Below, locate the line that contains "Costume ladybug girl". Repeat exactly from that line to the line that contains "Ingyenes battle royale játékot tervez az EA?", inclusive, leaving out the pictures.

* _Dataset excerpts_
+---+

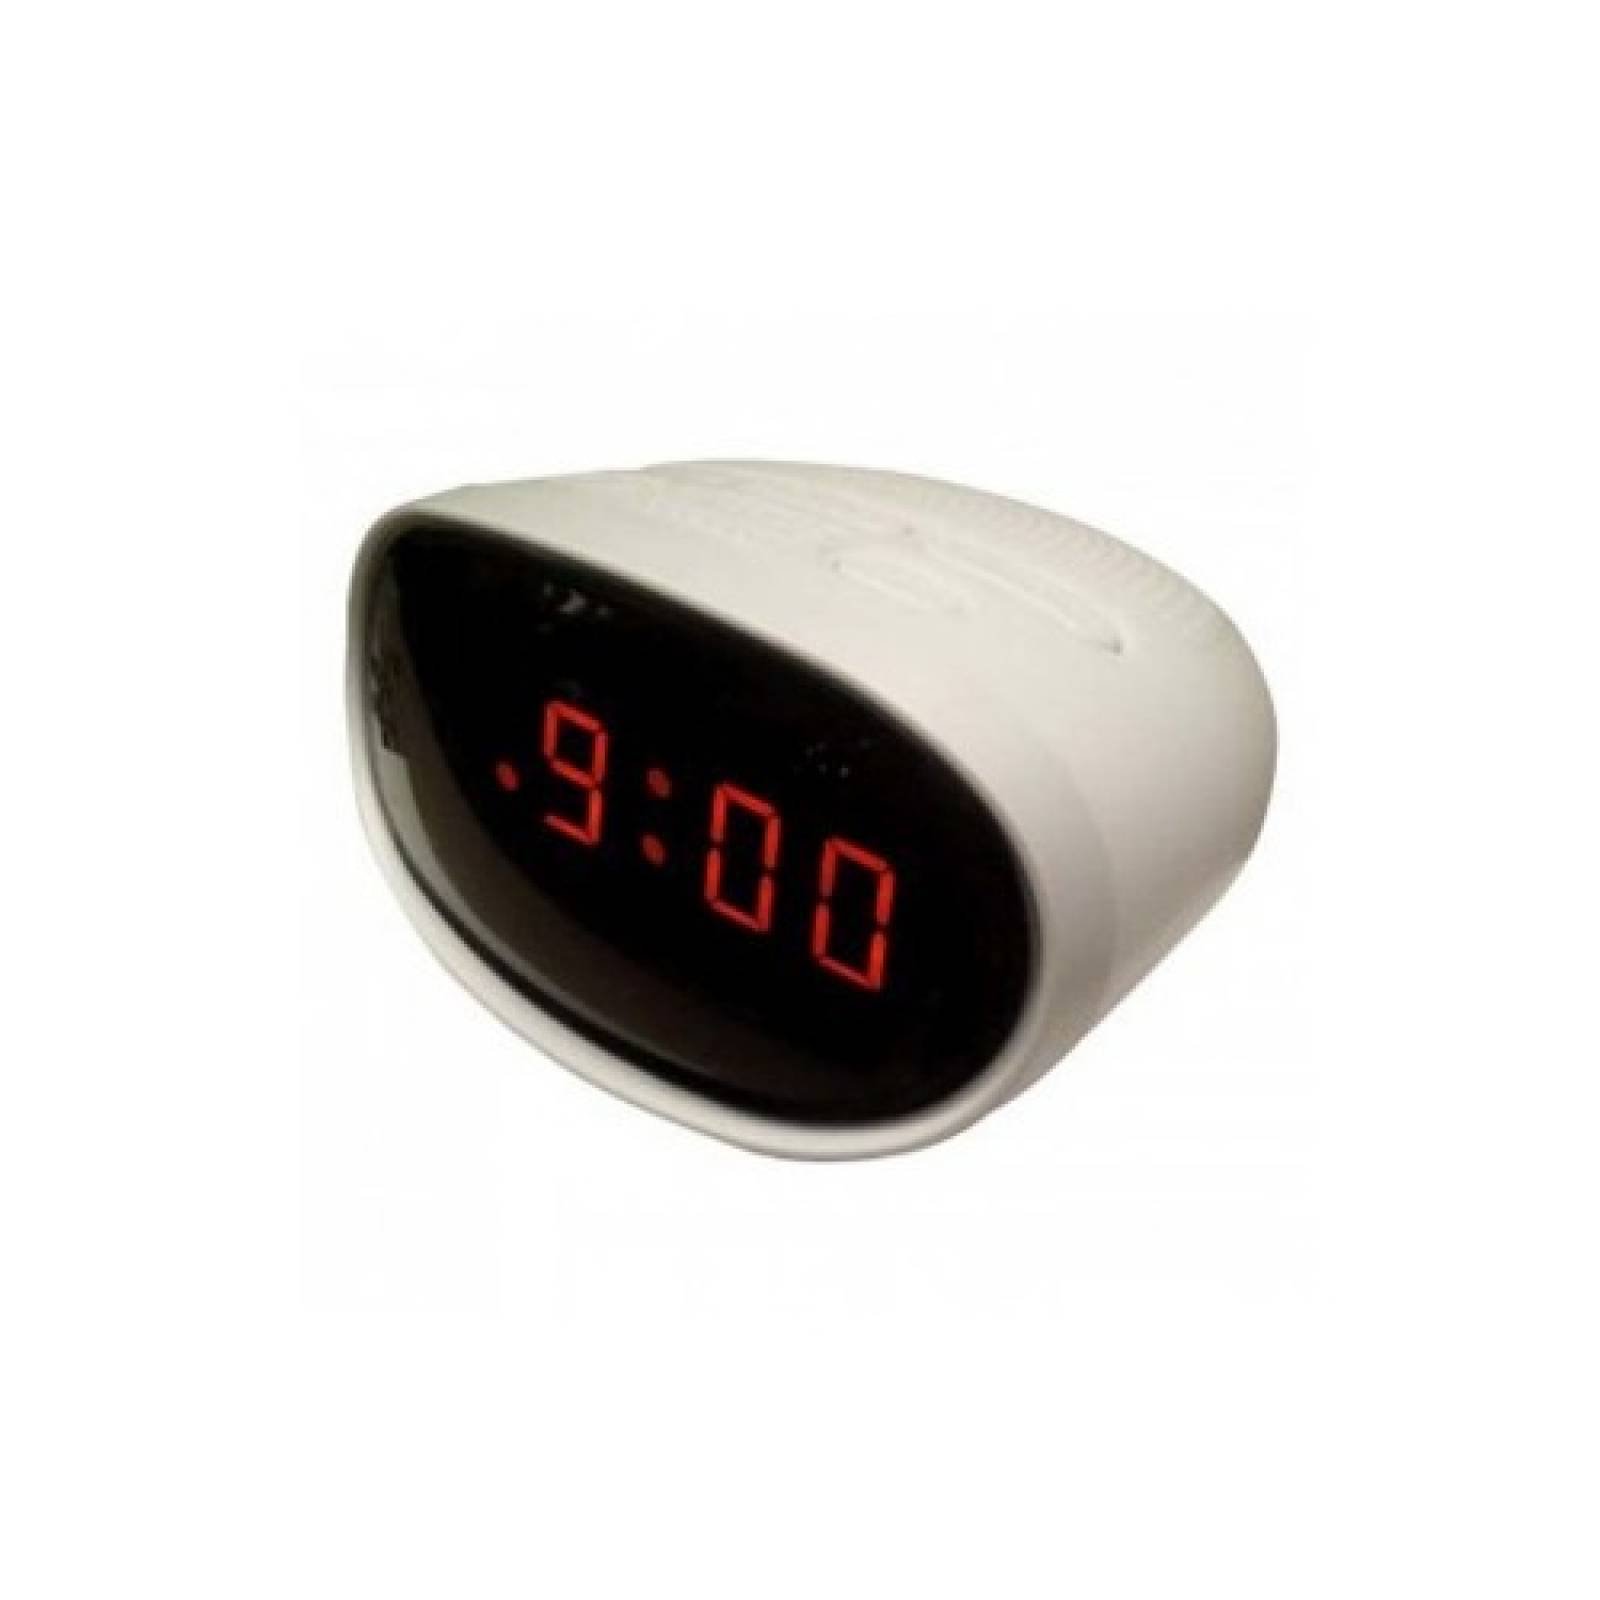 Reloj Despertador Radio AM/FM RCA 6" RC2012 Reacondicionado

+---+

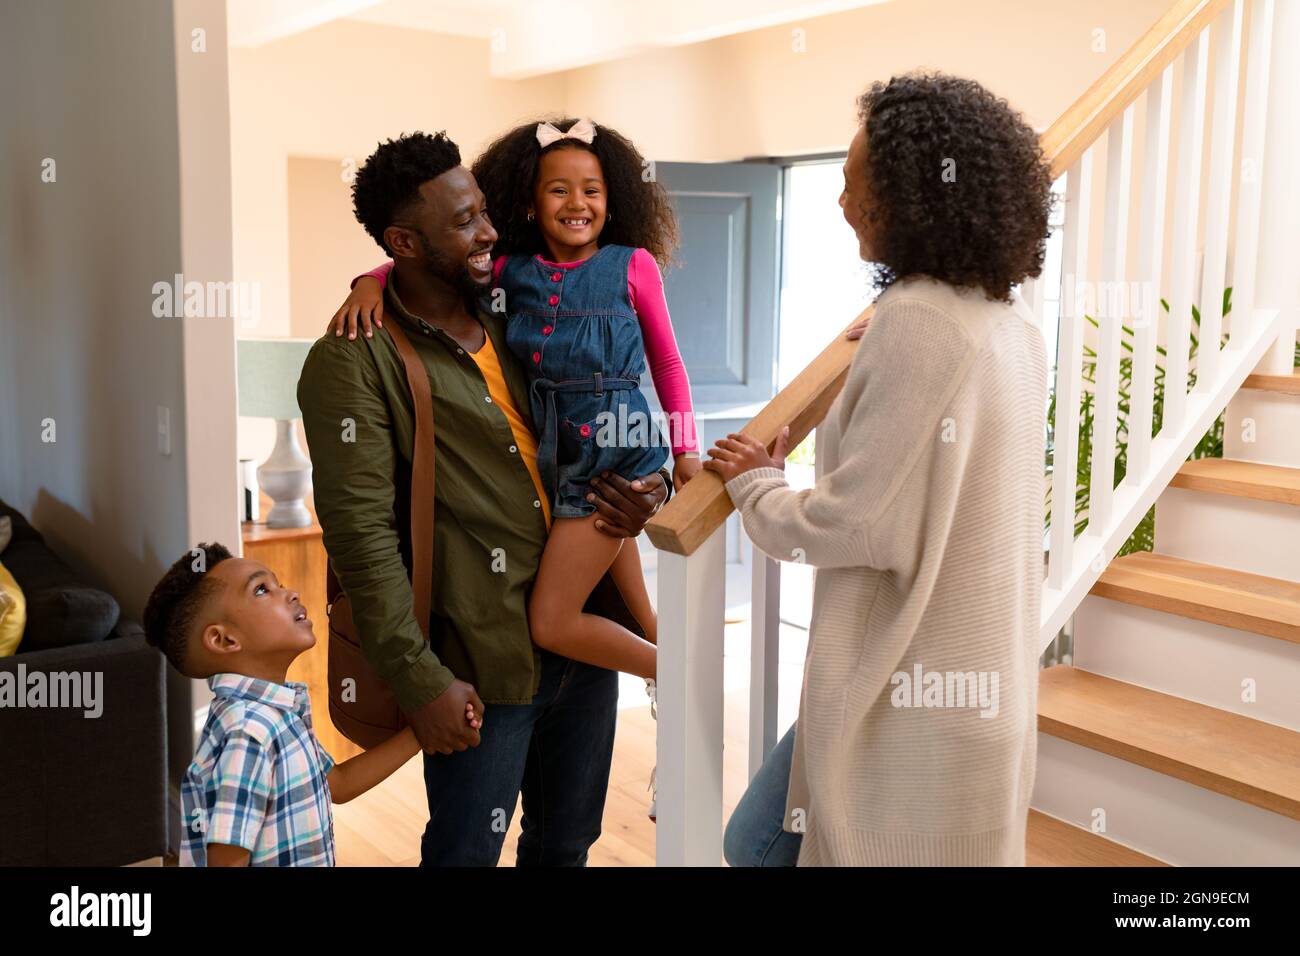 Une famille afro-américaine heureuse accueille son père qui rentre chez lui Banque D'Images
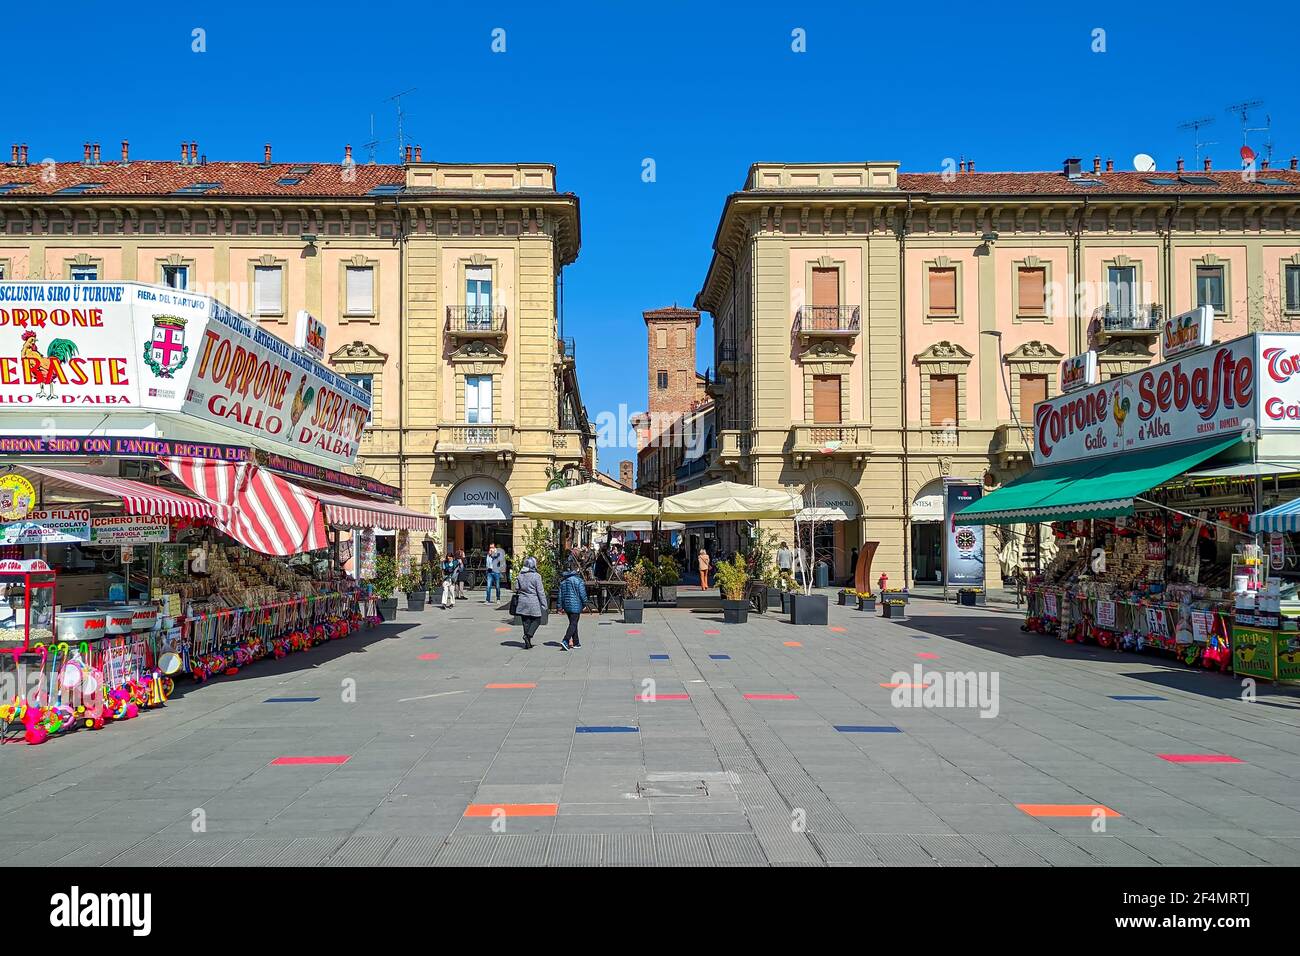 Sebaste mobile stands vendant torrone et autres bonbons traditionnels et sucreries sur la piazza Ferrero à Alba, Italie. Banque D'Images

+---+

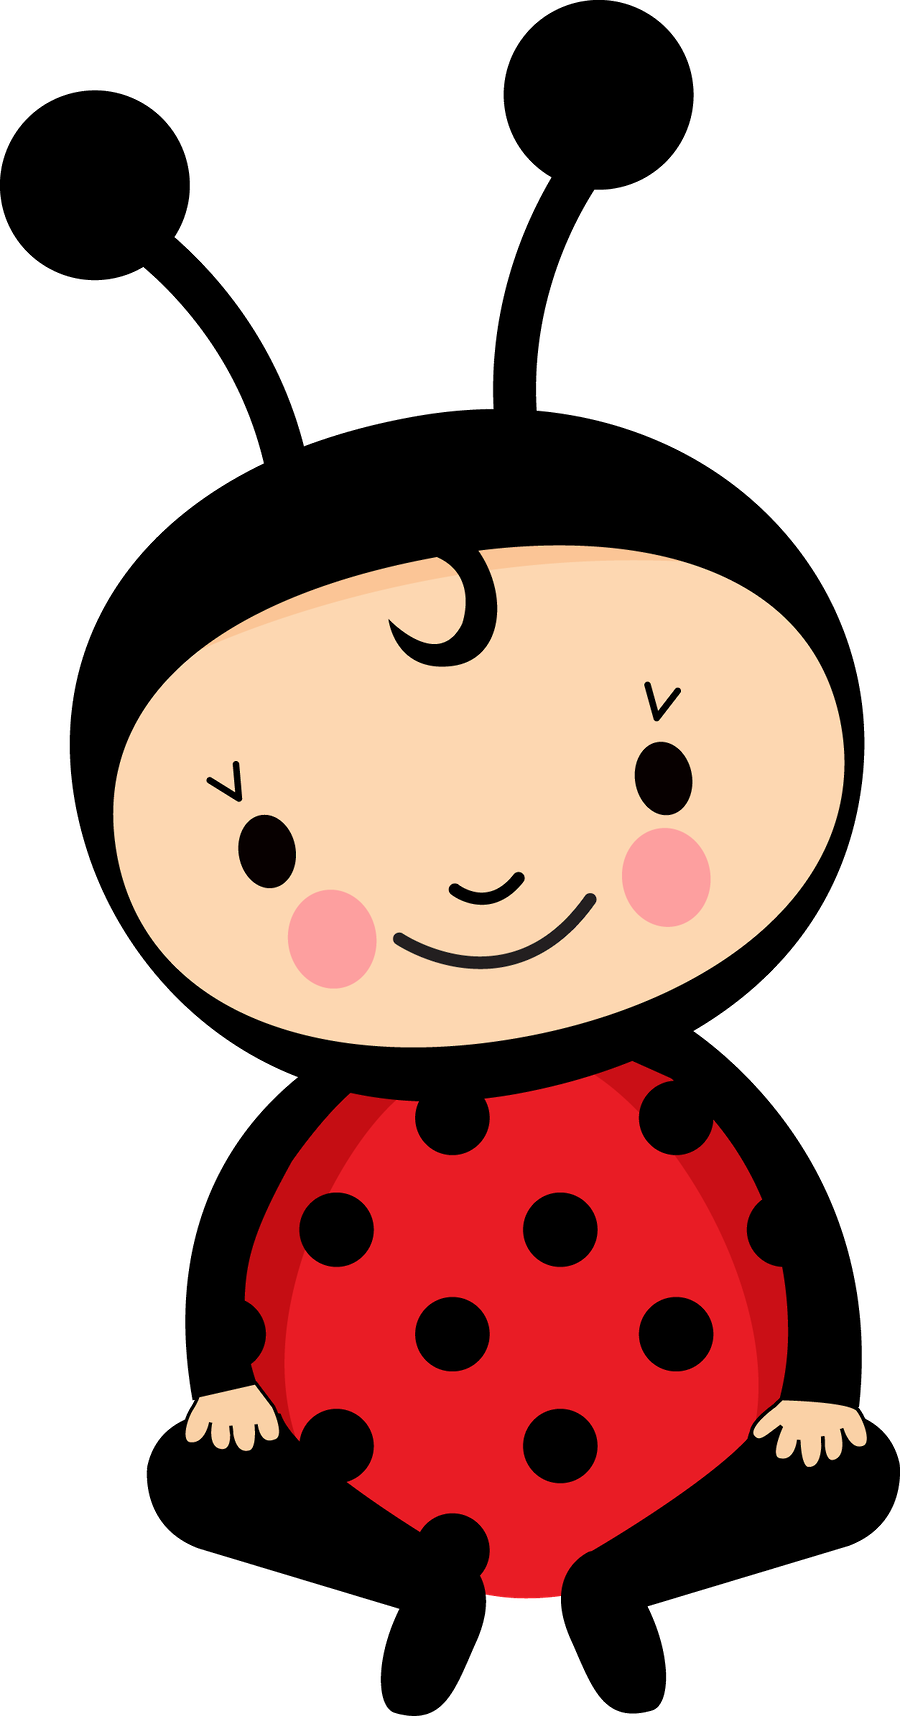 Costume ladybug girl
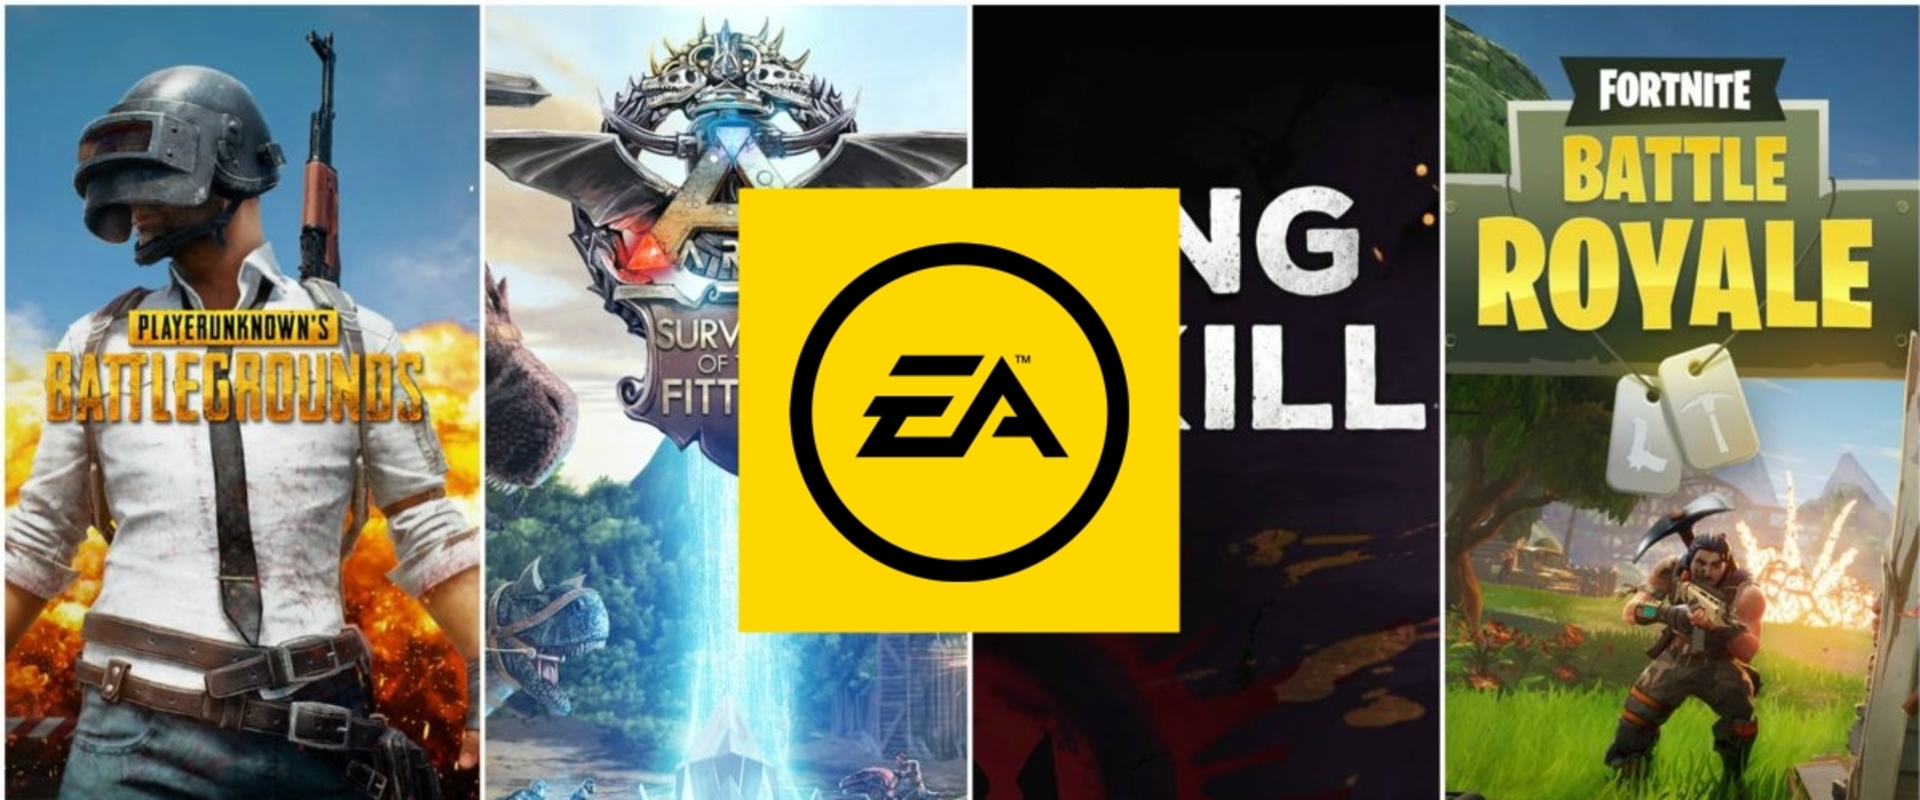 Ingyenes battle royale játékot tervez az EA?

+---+

* _Written response_
 Costume ladybug girl
 Ingyenes battle royale játékot tervez az EA?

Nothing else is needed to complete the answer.